— Exercise —
Reproduce the line with "Salzburger Notariatskammer: MMag." and everything after it in the listing below, exactly, both ends included. No pictures.

— Dataset excerpt —

'''

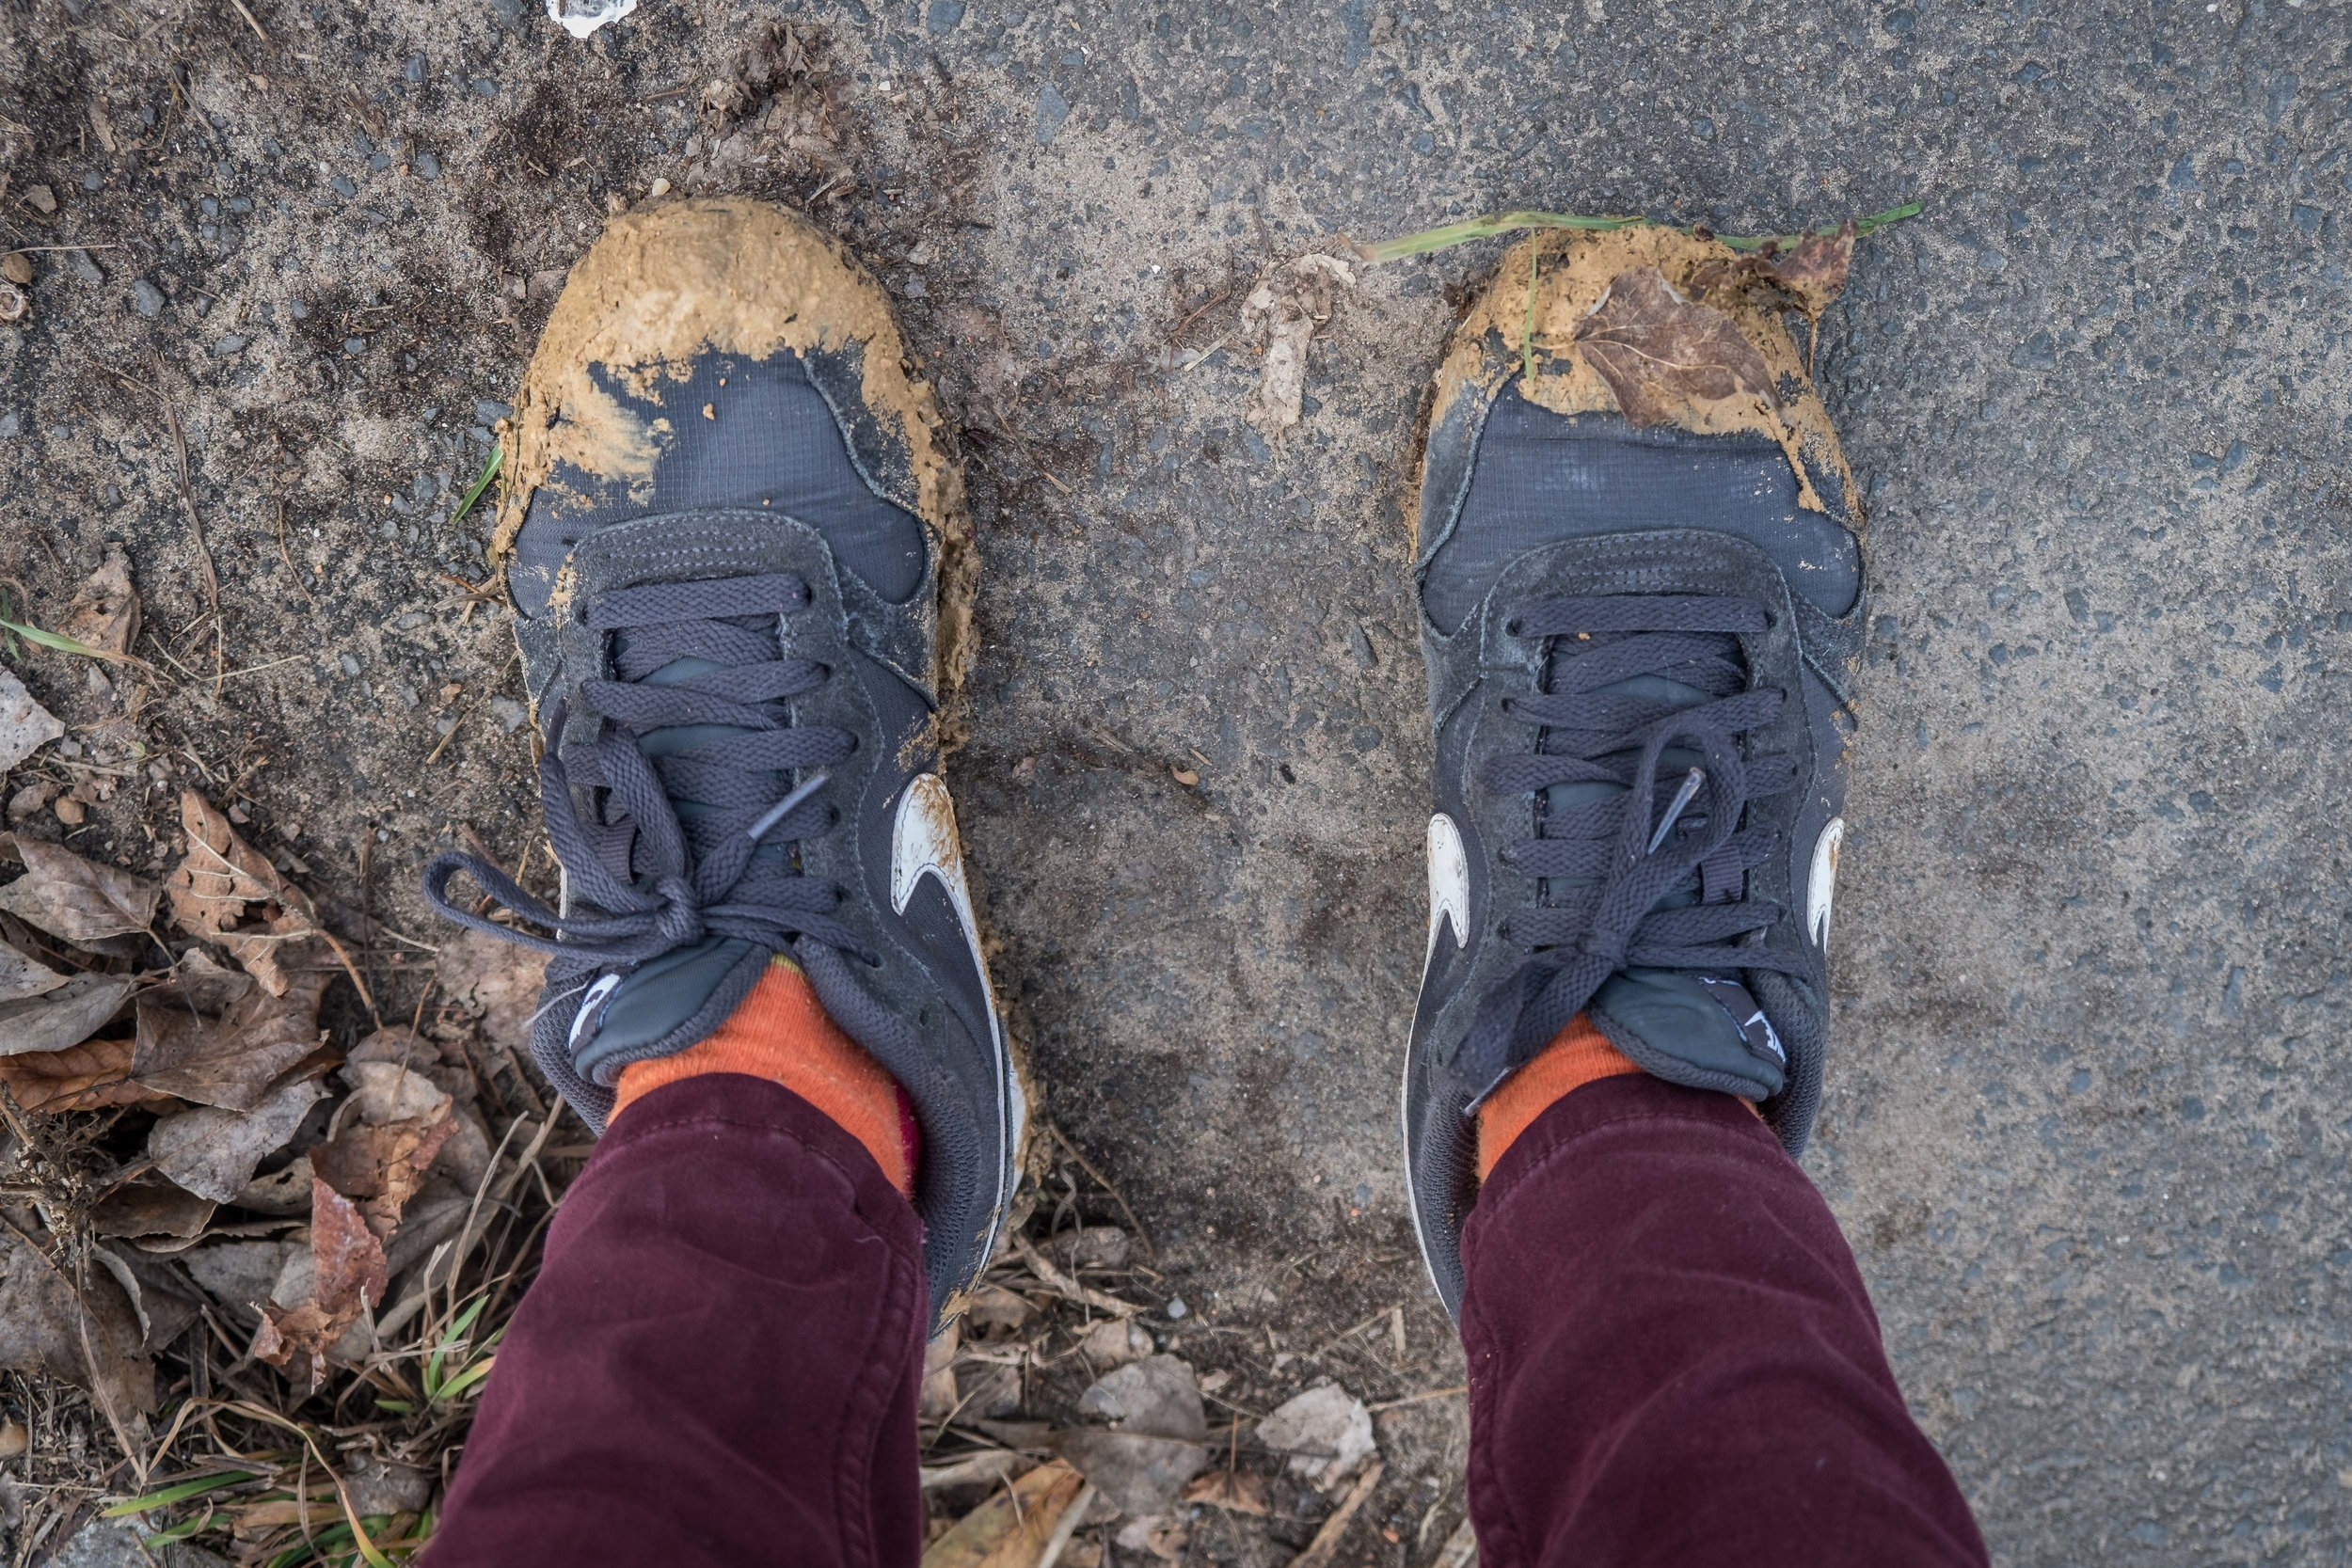 a week of rain + recent demolition = muddy shoes
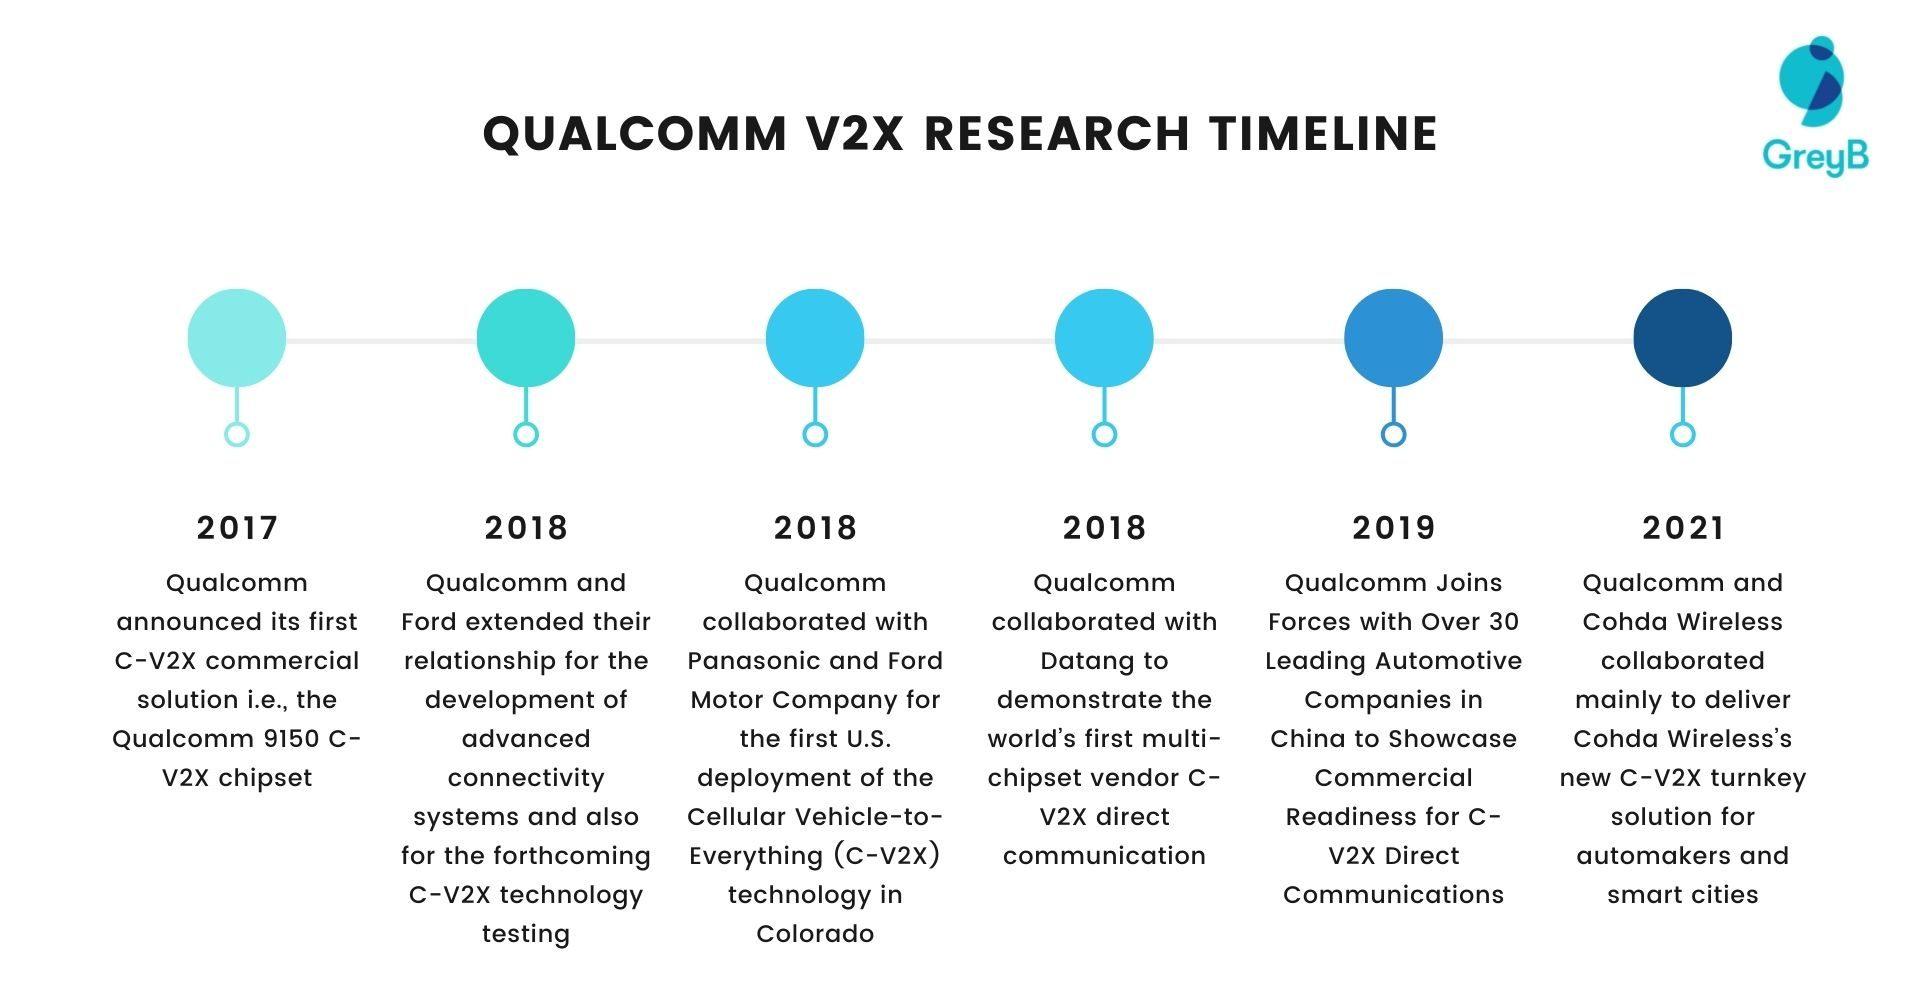 Qualcomm V2X Research Timeline
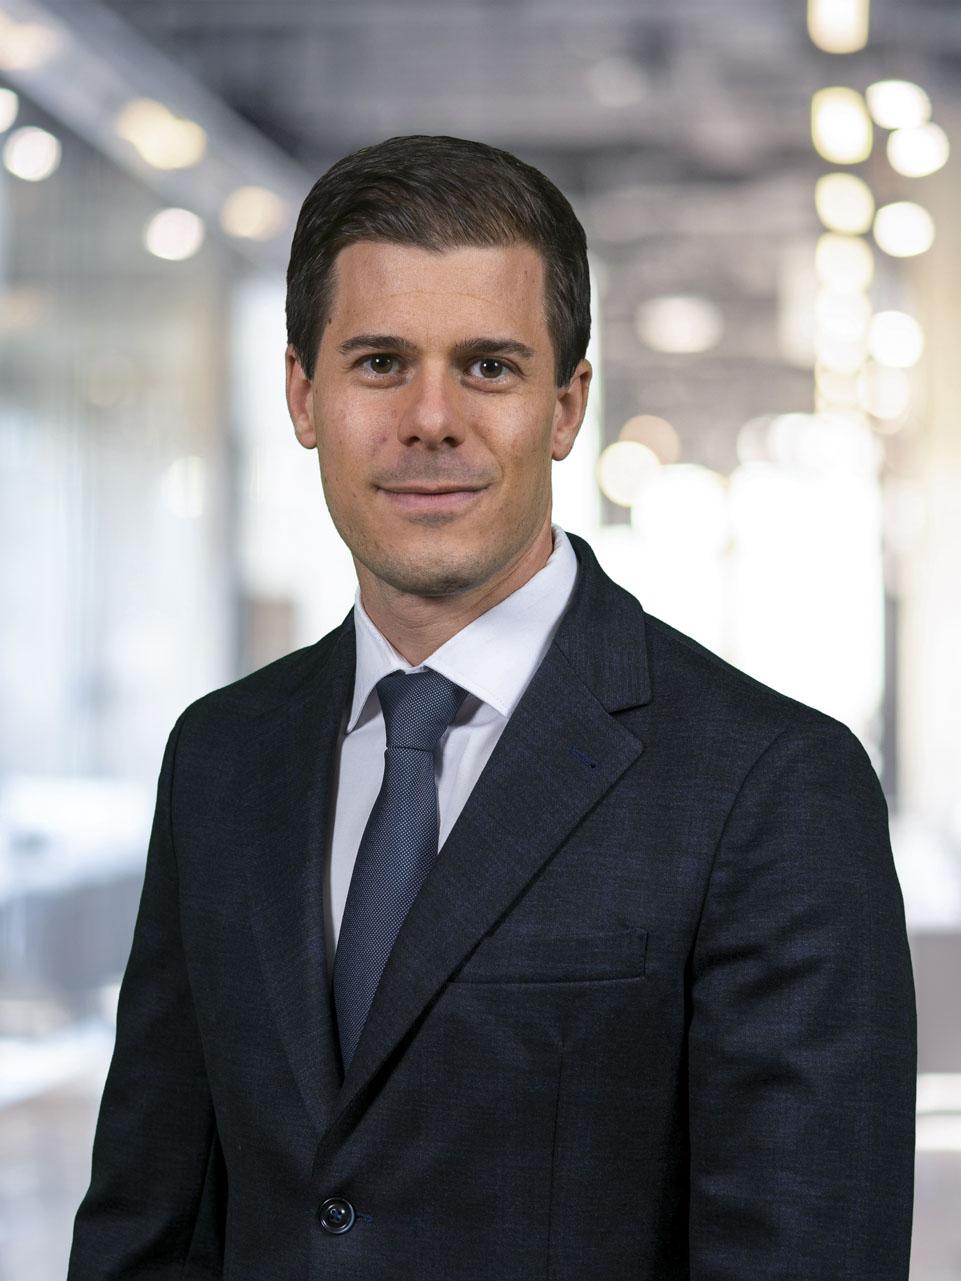 Salzburger Notariatskammer: MMag. Dr. Christoph Hofer
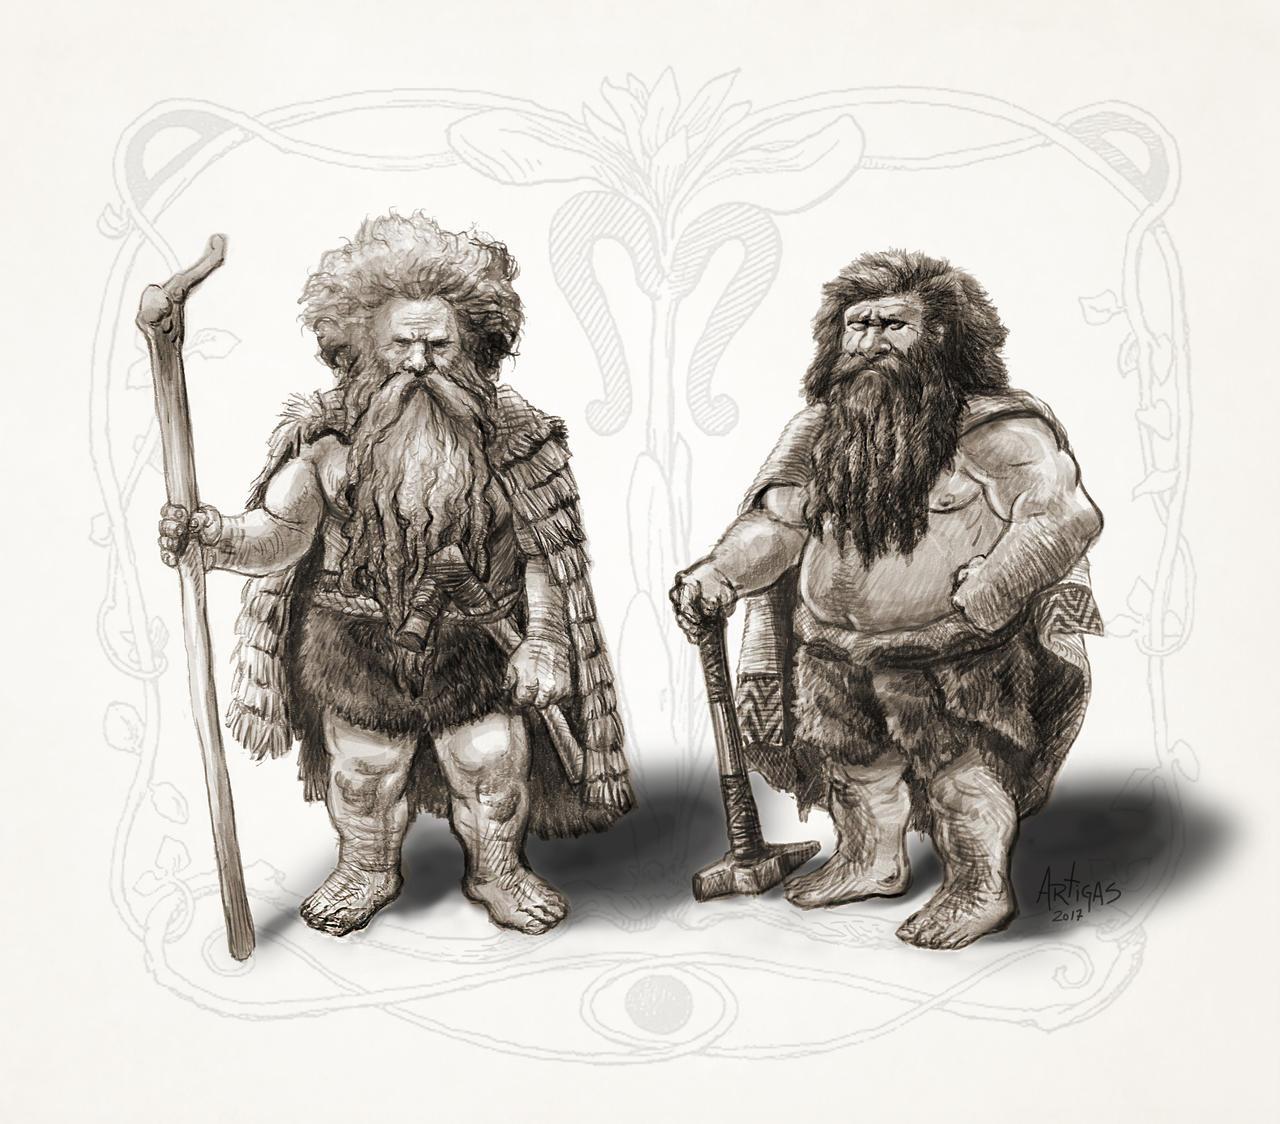 Primitive Dwarfs

'''

— Your response —
 Salzburger Notariatskammer: MMag. Dr. Christoph Hofer
 Primitive Dwarfs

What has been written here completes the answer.